Monday, 24 January 2011: 2:15 PM
3B (Washington State Convention Center)
The circulation response of the coupled troposphere-stratosphere system to climate change-like thermal forcings is explored with a simple atmospheric general circulation model (AGCM). As in Butler et al. (2010), the imposed forcings mimic the warming induced by greenhouse gasses and other anthropogenic factors in the low-latitude upper troposphere. We progressively increase the amplitude of the imposed warming to study the changes in circulation, up to and beyond those projected by the IPCC models under the A2 emission scenario. For weak to moderate forcing amplitudes, the circulation response is remarkably similar to the one found in comprehensive models: the Hadley cell widens, the tropospheric mid-latitude jets is displaced poleward, and the Brewer-Dobson Circulation (BDC) increases. However, when the warming of the upper tropical troposphere exceeds approximately 5 K, as projected by the end of the 21st century under the A2 scenario, an abrupt change of the whole atmosphere circulation is observed.
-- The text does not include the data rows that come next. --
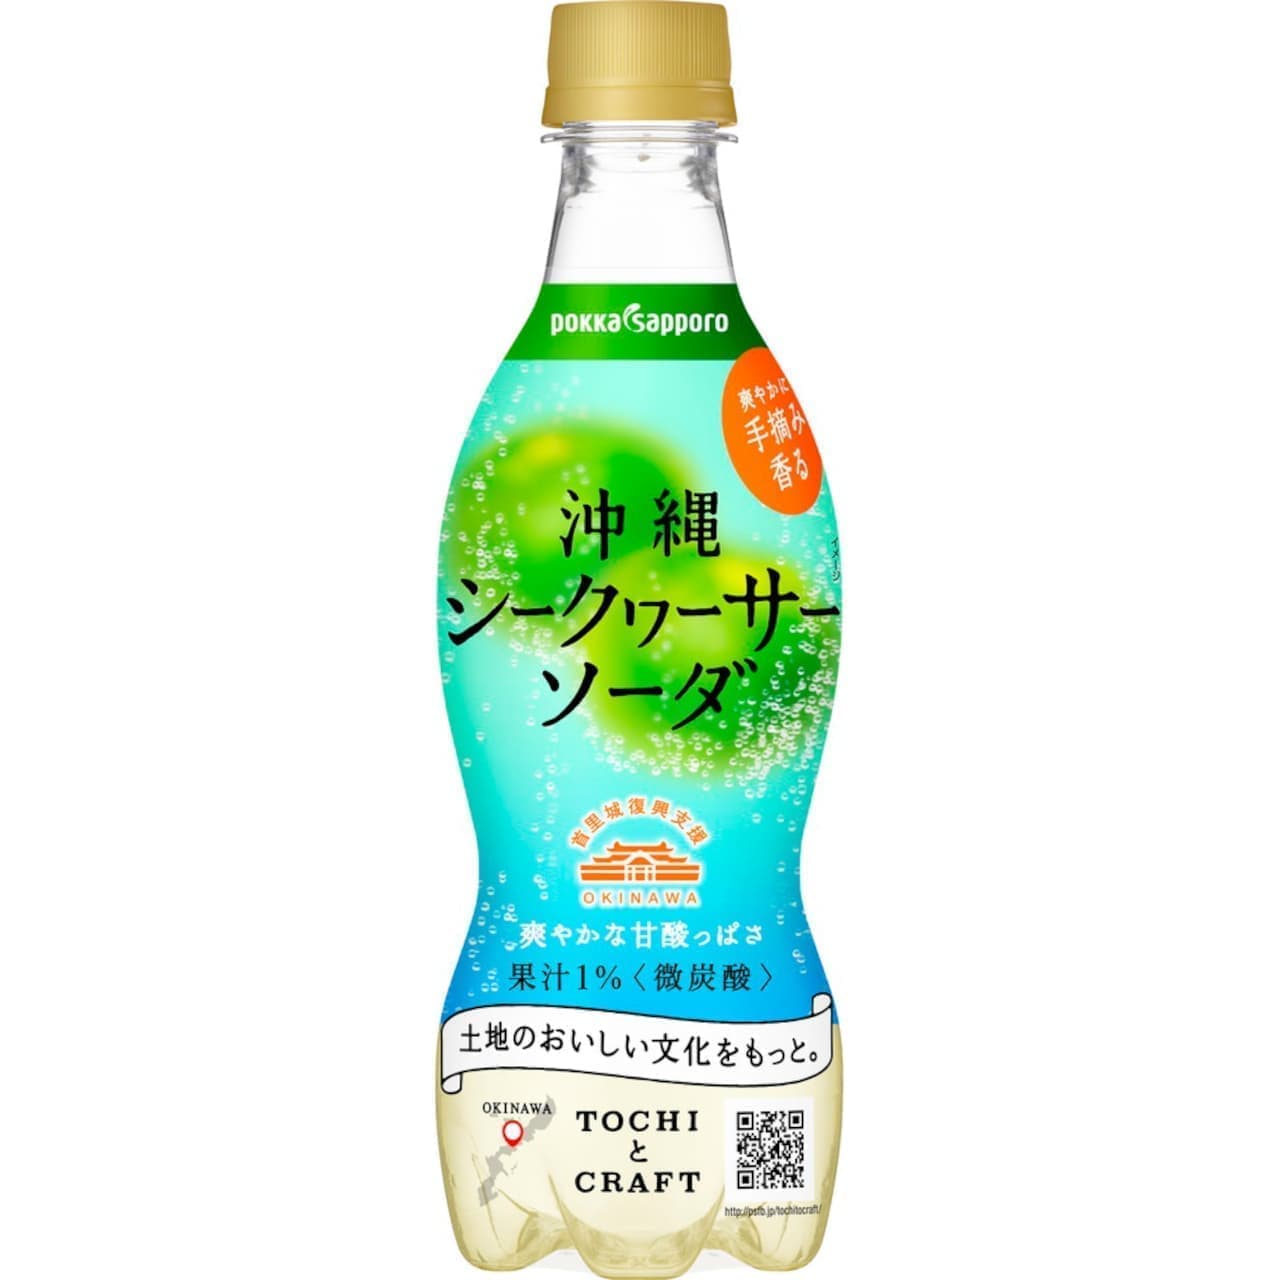 Pokka Sapporo "Okinawa Shikwasa Soda
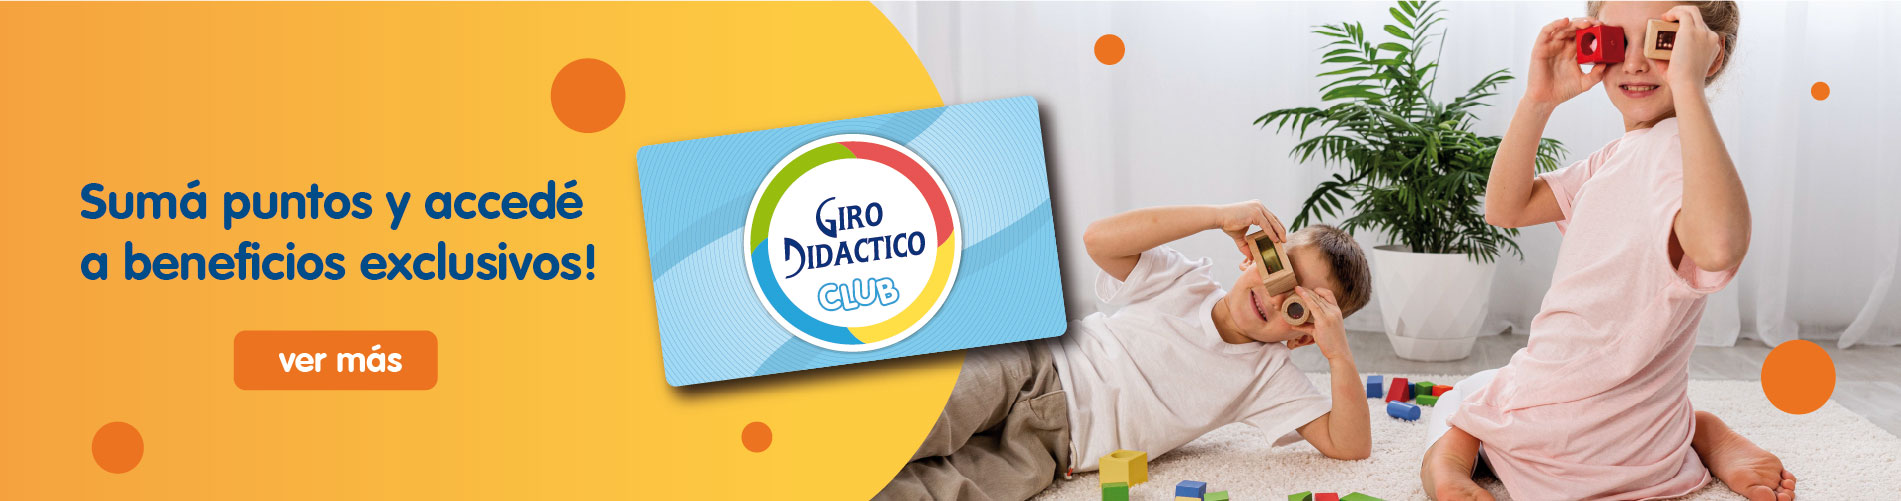 Giro Didáctico - Giro Didáctico - Giro Club
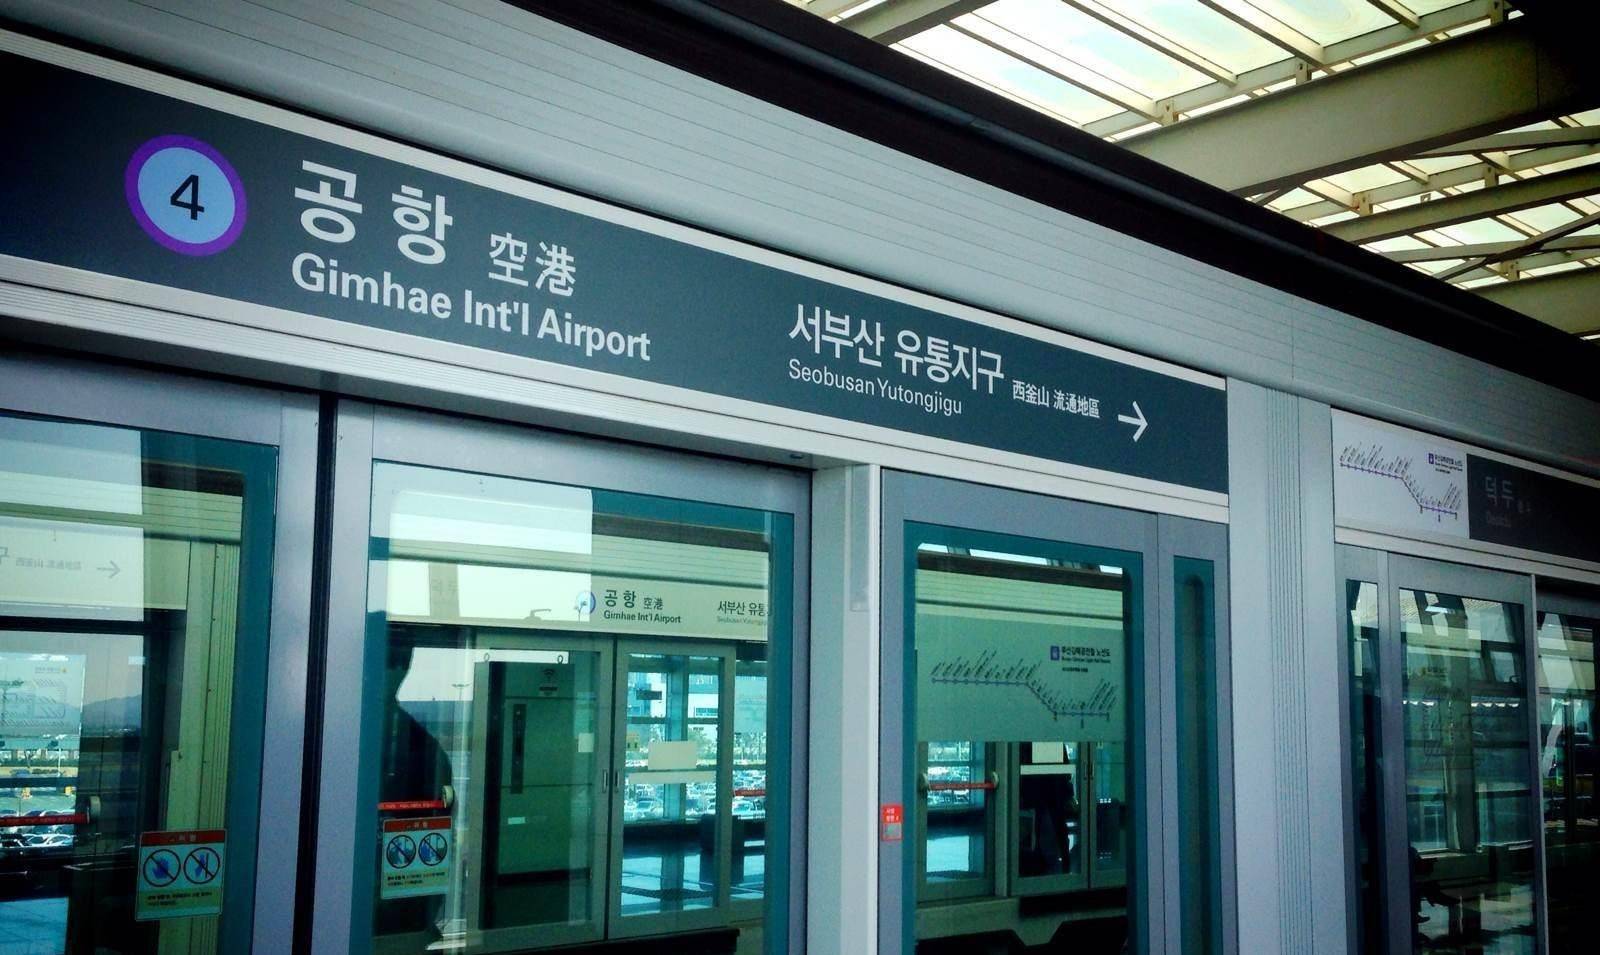 随着两个小时的航程即将结束,国航129号已经临近釜山金海机场,正在
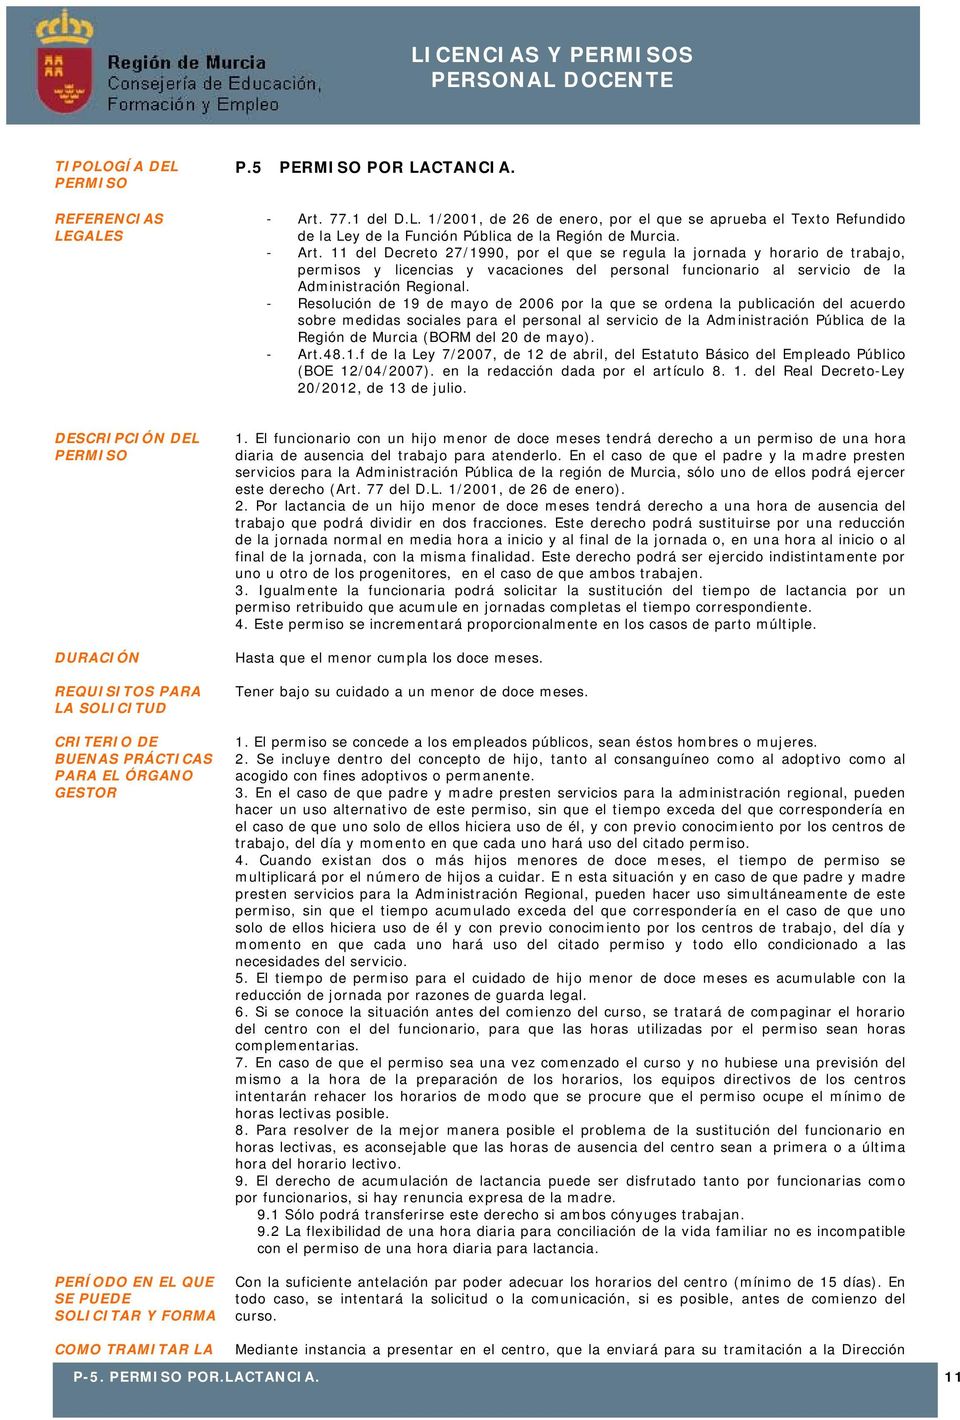 - Resolución de 19 de mayo de 2006 por la que se ordena la publicación del acuerdo sobre medidas sociales para el personal al servicio de la Administración Pública de la Región de Murcia (BORM del 20

In the troposphere the near surface jet jumps poleward by nearly 10 degrees, while in the stratosphere the polar vortex greatly intensifies, sudden warming events are severely reduced, the BDC weakens considerably, and the intra-seasonal coupling between the troposphere and stratosphere disappears. This abrupt transition is found to be robust to a doubling of both the horizontal and vertical resolution of the model.